**Problem to solve**
As you print the data below, keep every line exactly as it is and leave the images behind.

**Provided data**
════════════════════

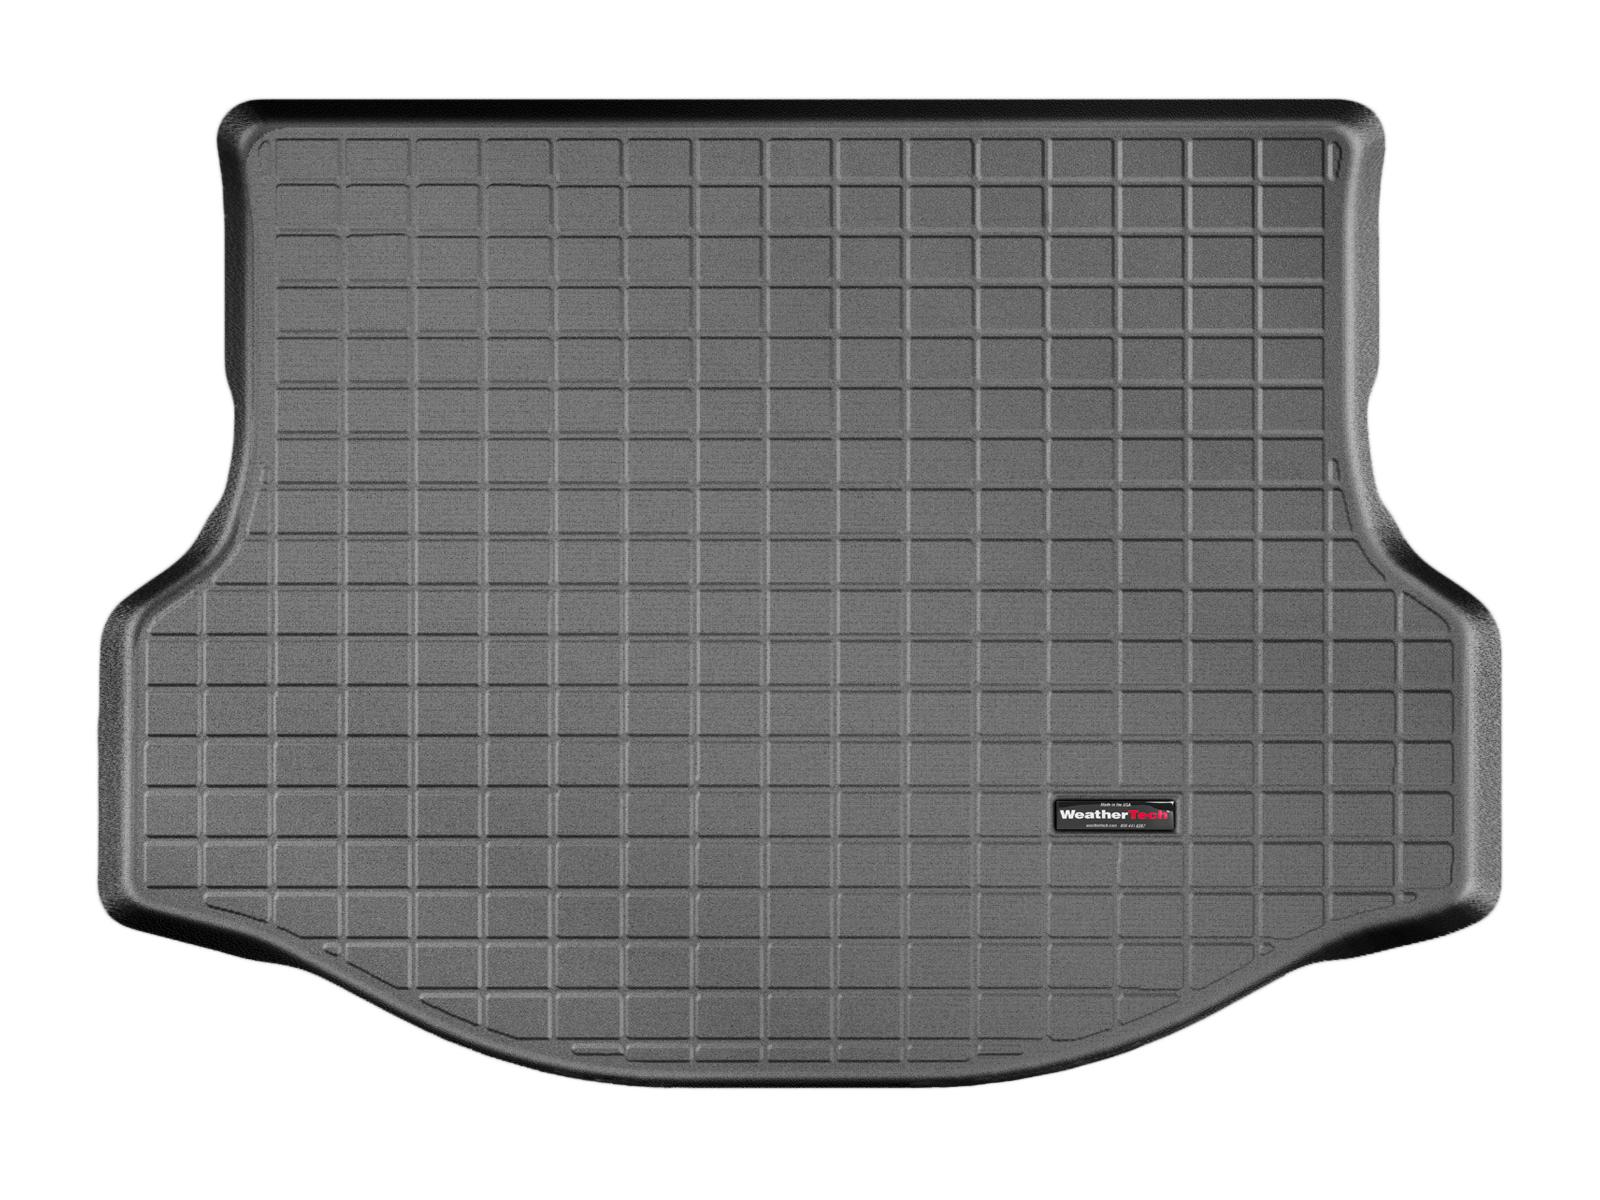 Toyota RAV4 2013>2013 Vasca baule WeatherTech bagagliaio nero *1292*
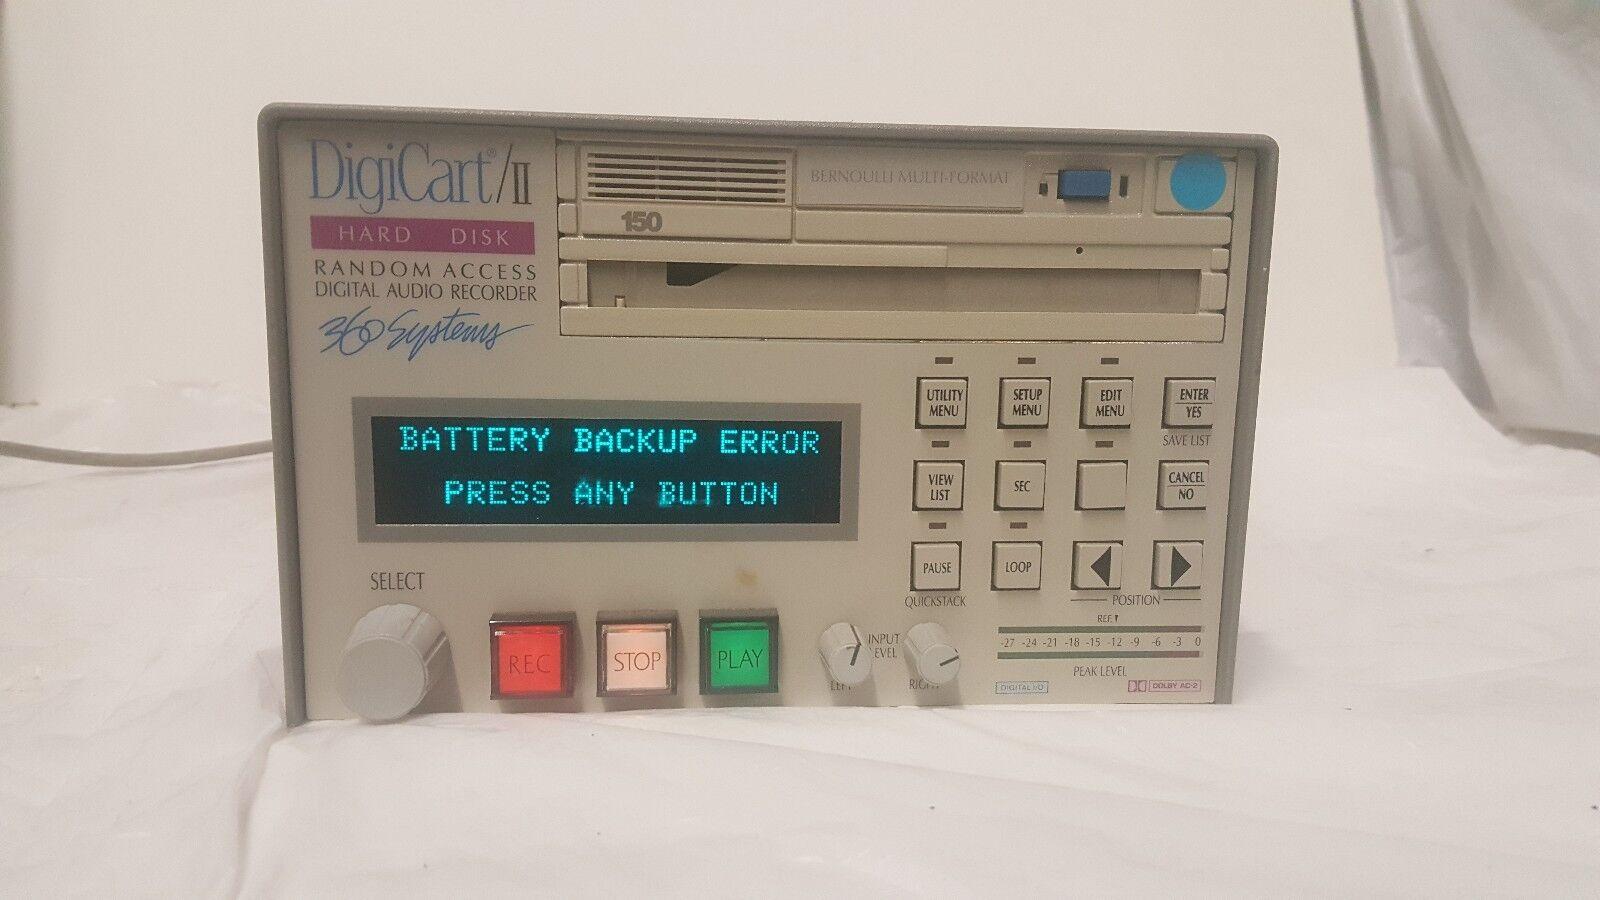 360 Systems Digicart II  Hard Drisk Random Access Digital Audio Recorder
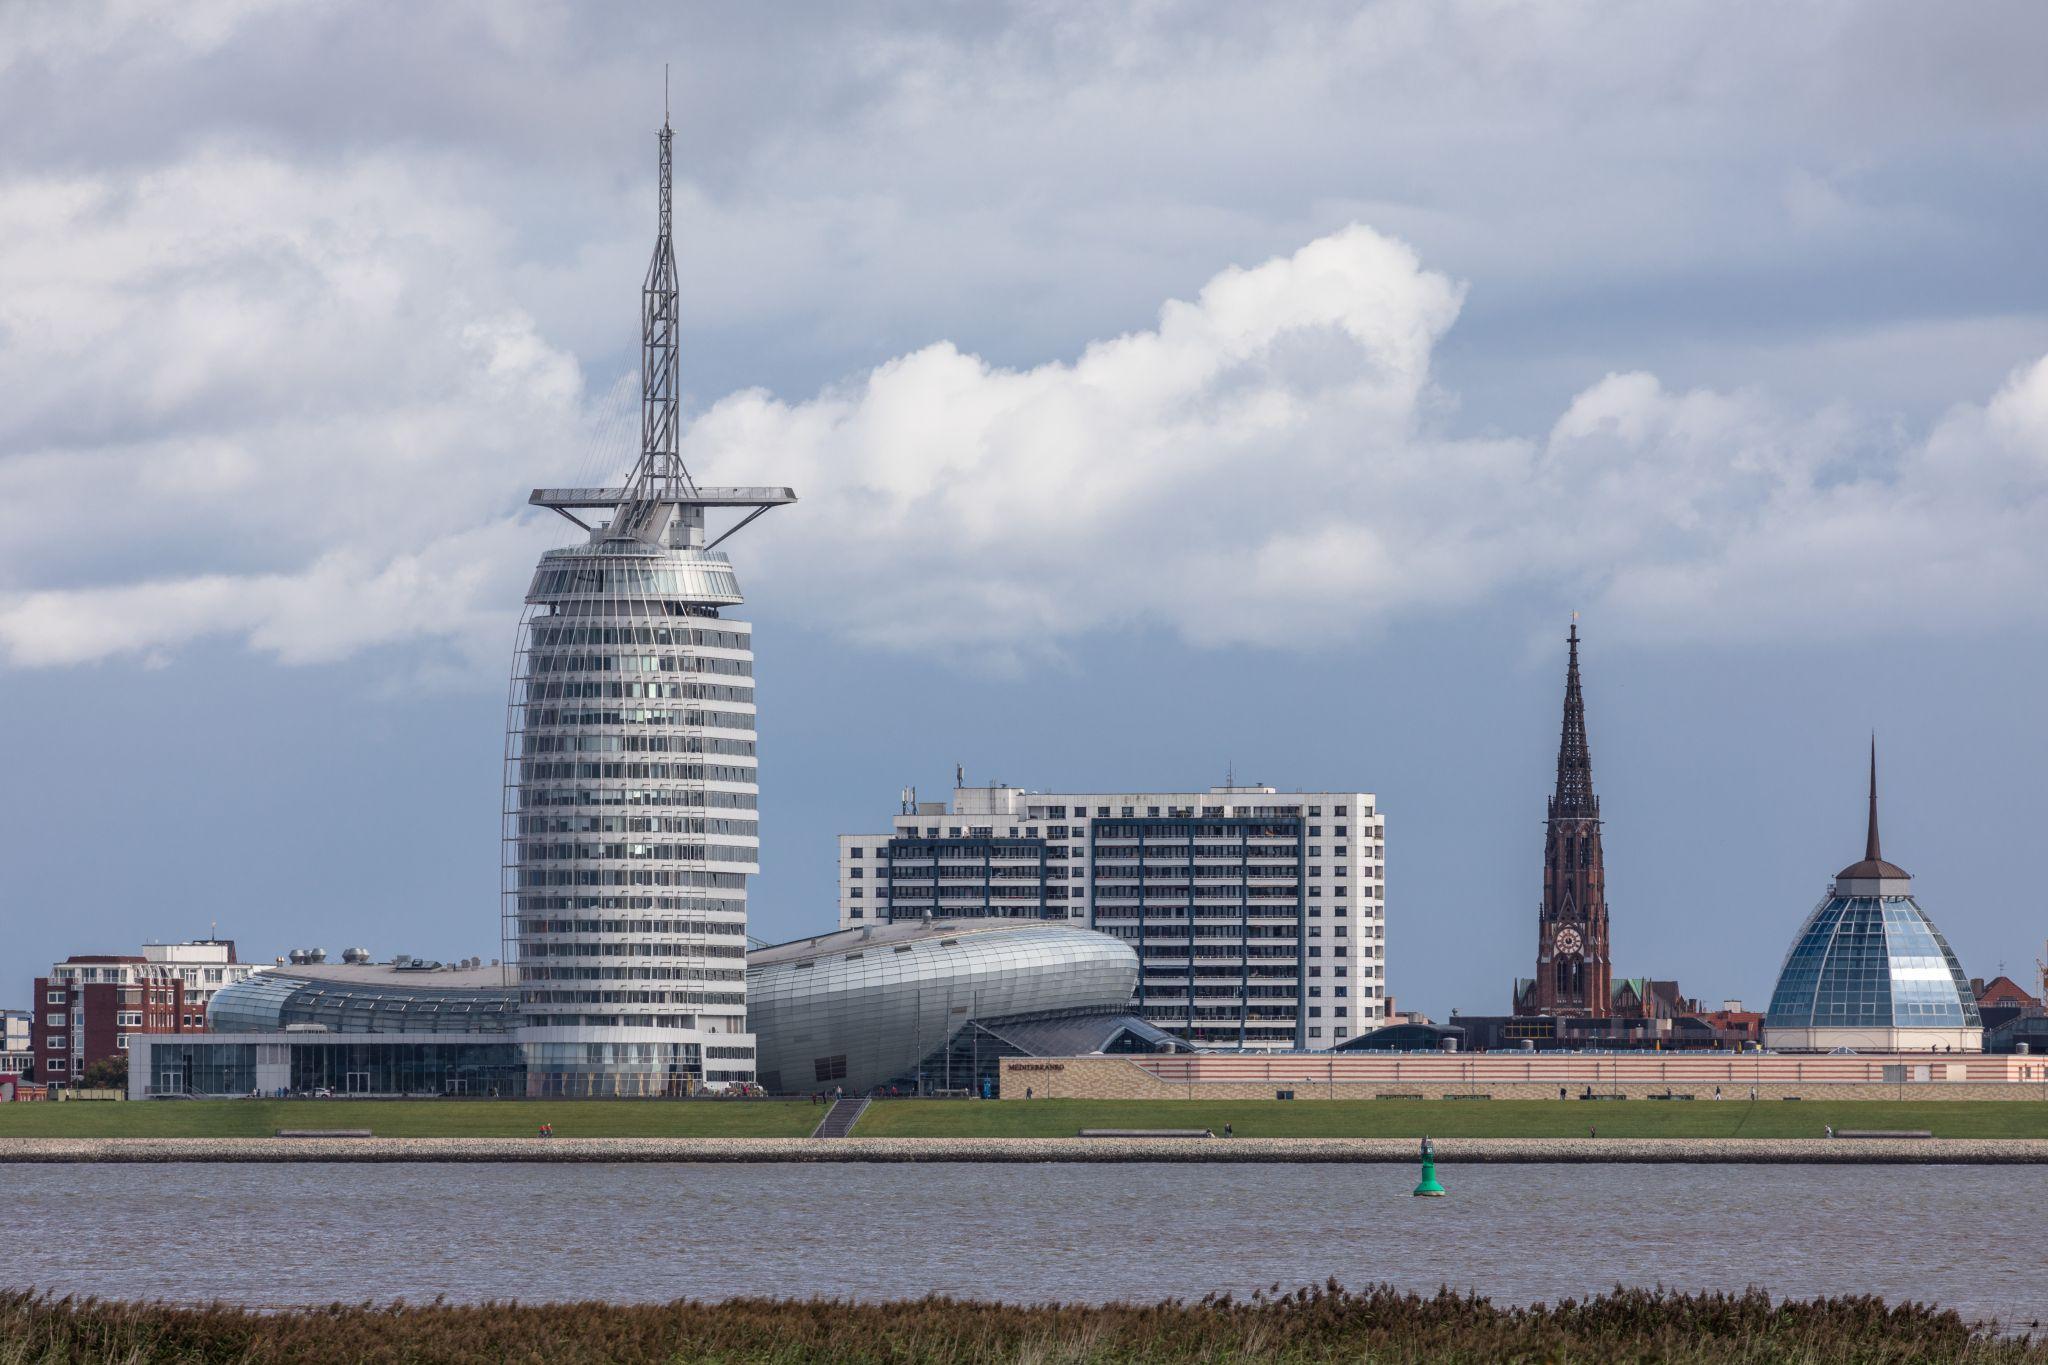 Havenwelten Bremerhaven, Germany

════════════════════

**Response**
 Toyota RAV4 2013>2013 Vasca baule WeatherTech bagagliaio nero *1292*
 360 Systems Digicart II  Hard Drisk Random Access Digital Audio Recorder
 Havenwelten Bremerhaven, Germany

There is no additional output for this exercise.